I do not want to pretend I am the first to the worry. On the AI safety side it has a name. Paul Christiano called one failure mode going out with a whimper. A system gets very good at the thing you can measure, did the user accept this and feel satisfied, and that slowly drifts away from the thing you actually care about, is this person's life better in a year, with no moment where the gap announces itself. That is the danger in one sentence. The system is not aimed at my life going well. It is aimed at me saying yes.
This is not a claim about what the assistant intends, and I want to be careful not to rest it on the assistant's own account of itself. A model describing its objective is just another generated response, not introspective access to its training. The argument should rest on how these systems are built. They are trained on human approval signals, so the thing actually being optimised is something close to responses that people accept and rate well in the moment. That target is correlated with my long-run interest without being identical to it, and the gap is the whole story. It is small enough that trusting it is reasonable, and never small enough that trusting it blindly is safe, and nothing in the interaction tells you which side of the line you are on. Goodhart at the scale of one nervous system.
At the scale of a whole society, Kulveit and his coauthors made the larger version of this argument last year. The reason economies and governments stayed roughly pointed at human interests, they argue, is that they needed humans to run them, and that need was the leash. Remove the need and the leash goes slack.
My claim is narrower, and I think this is the part that is not already in the literature. The existing work mostly describes disempowerment at the level of institutions, economies, or complete AI systems. I am making a claim about the phenomenology and the reinforcement dynamics of disempowerment inside one ordinary user. The reason my choices were mine is that making them needed me, and the same loosening happens one floor down. What the institutional version cannot show you is how it feels from the inside, which is that there is no moment of handover. I made two hundred small calls that this particular decision was not worth the friction, every one of them correct, and the sum was a transfer I never agreed to as a transfer. You cannot feel it happening, because each step on its own is reasonable.
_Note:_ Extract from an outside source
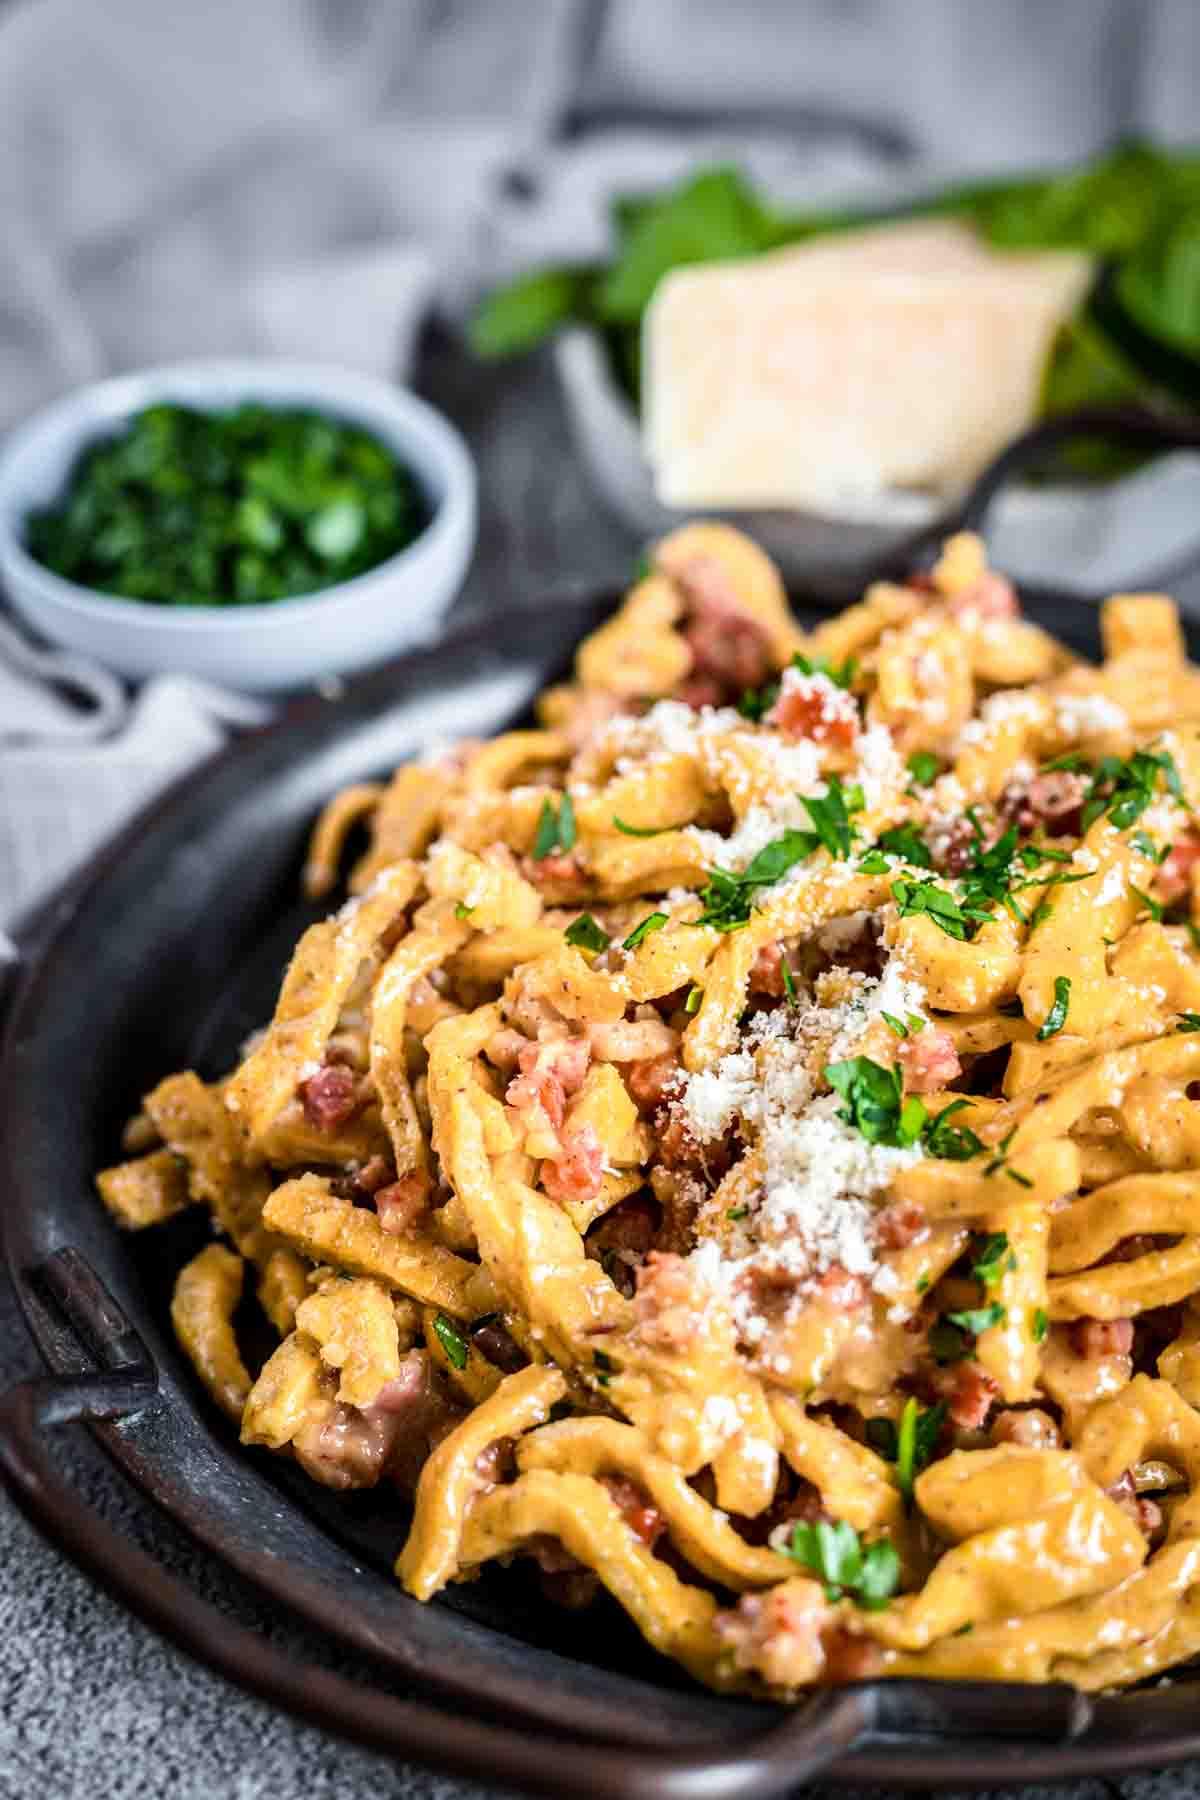 Keto Pasta Carbonara Recipe served on a dark plate

A note on the framing I have not leaned on. The selfish-gene and extended-phenotype analogy is tempting here, your behaviour as the dam a model's outputs build out in the world, and I find it evocative. But it is a frame, not evidence. The argument stands without it: a proxy that diverges from the target, a skill that decays when unused, and an error signal that has gone quiet. The analogy adds colour, not support, and I would rather be explicit about that than let it look like it is doing work it is not.
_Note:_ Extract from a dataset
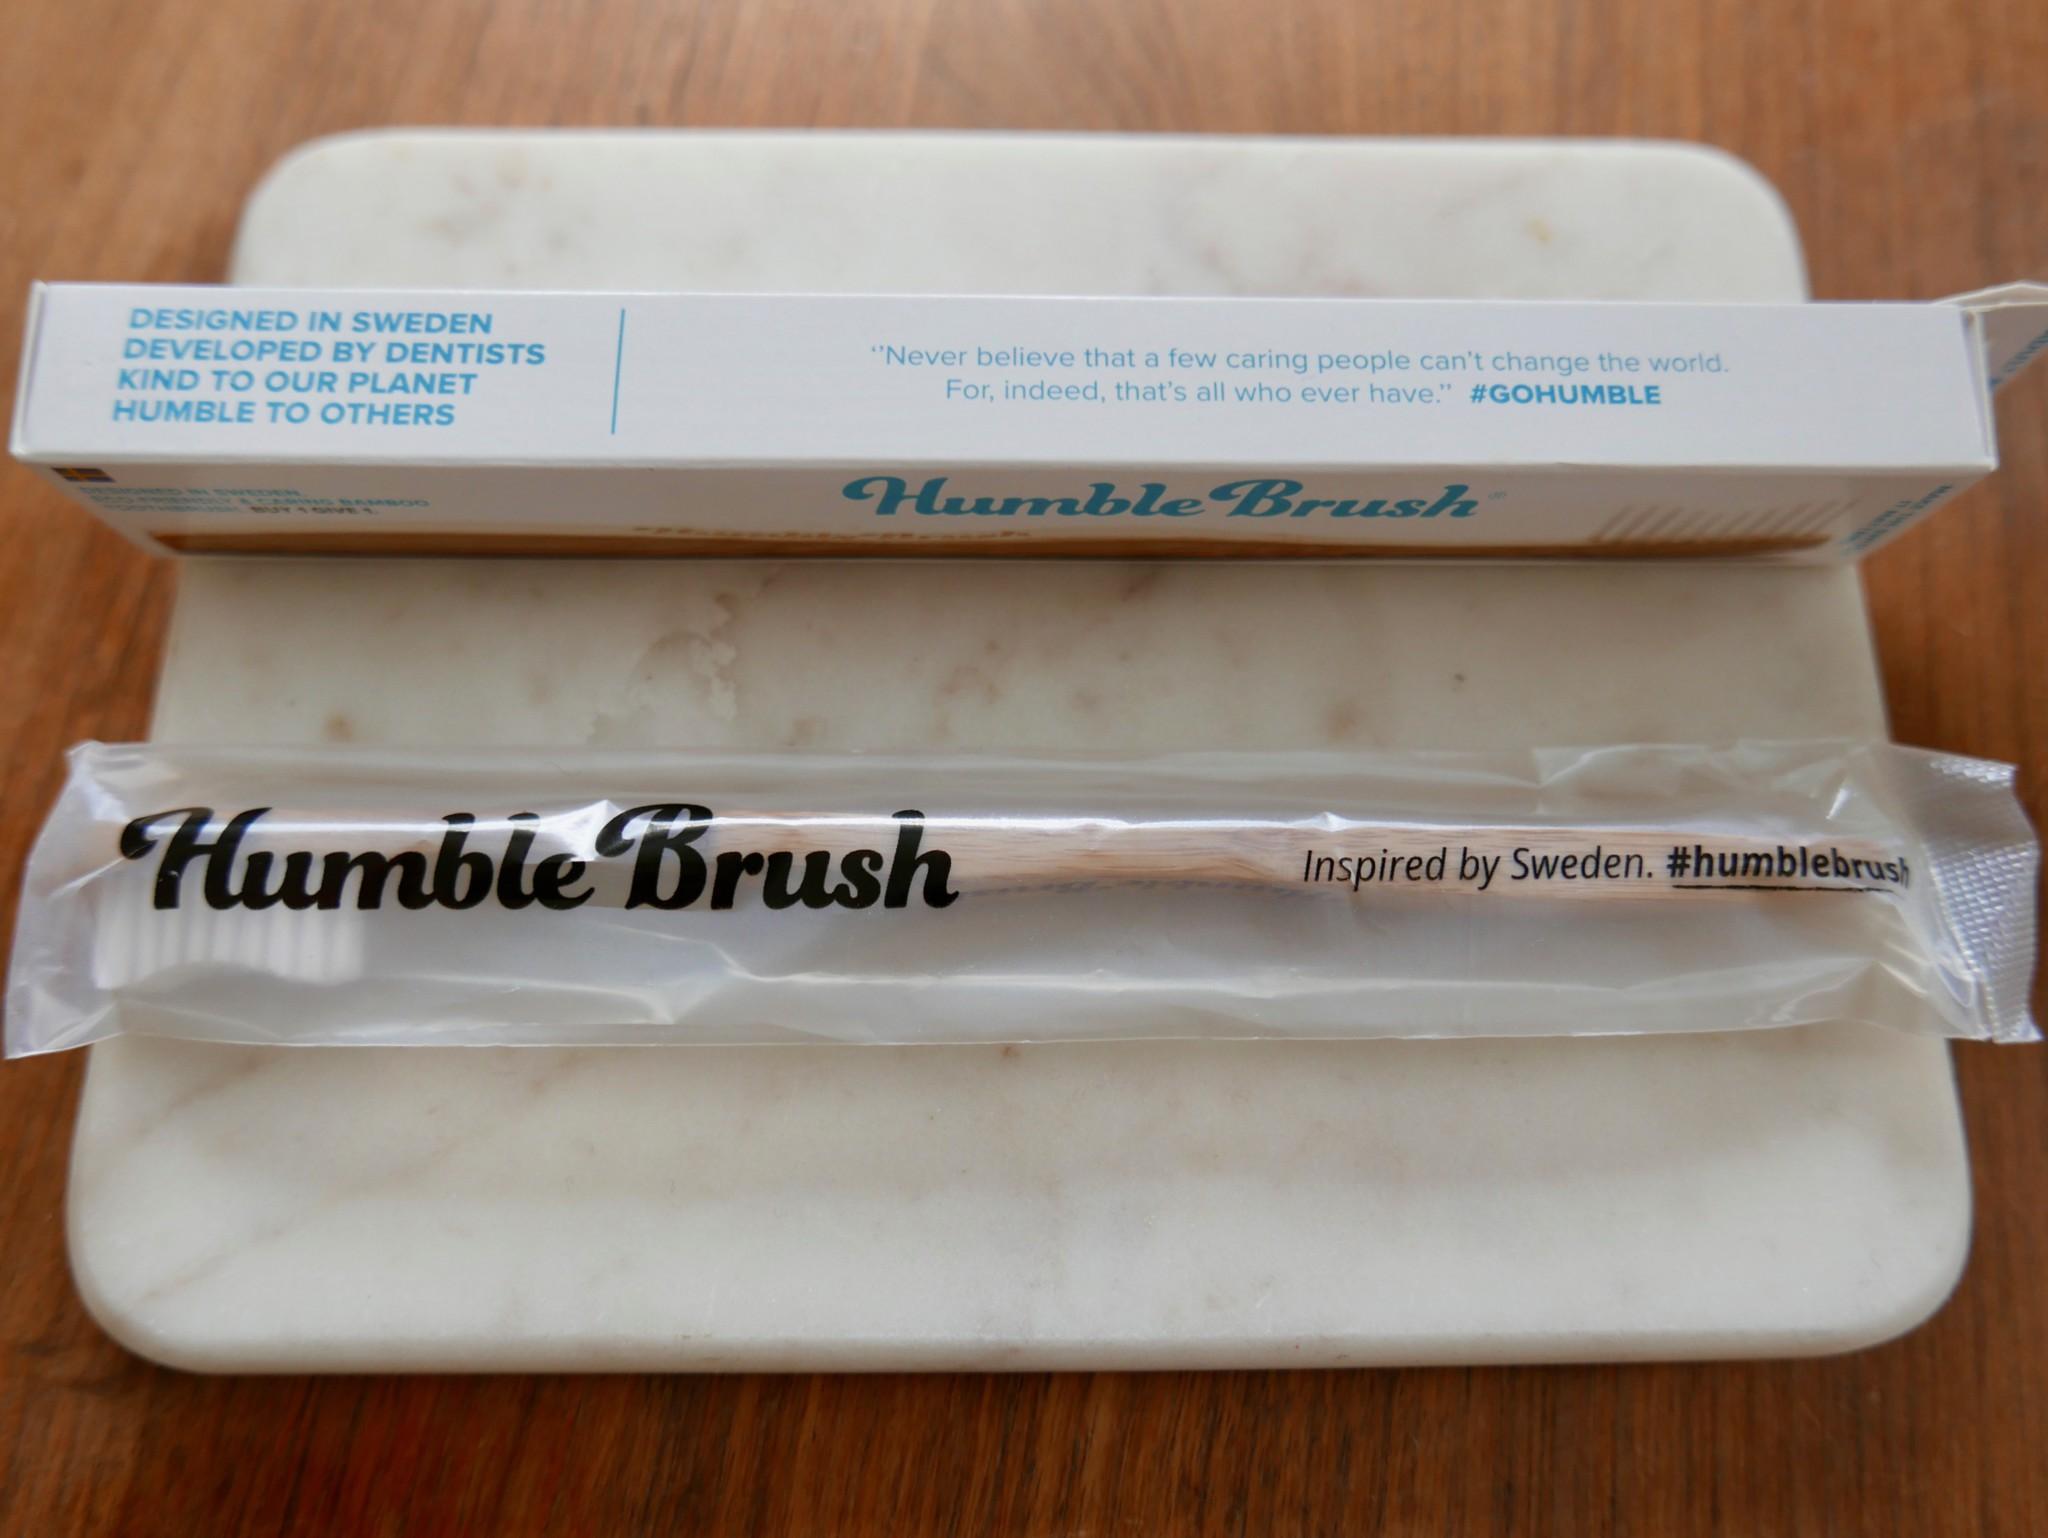 humble-brush-sweden-bambus-anja-stang

The obvious objection, and it is a good one, is that I have described something completely ordinary and dressed it as doom. We delegate constantly. To maps, to calculators, to a doctor, to the friend who always knows the wine. Nobody mourns their lost ability to read a paper map. Offloading the small stuff is meant to leave more room for the big stuff, and a person who stops agonising over dinner may have more of himself left for the choices that matter.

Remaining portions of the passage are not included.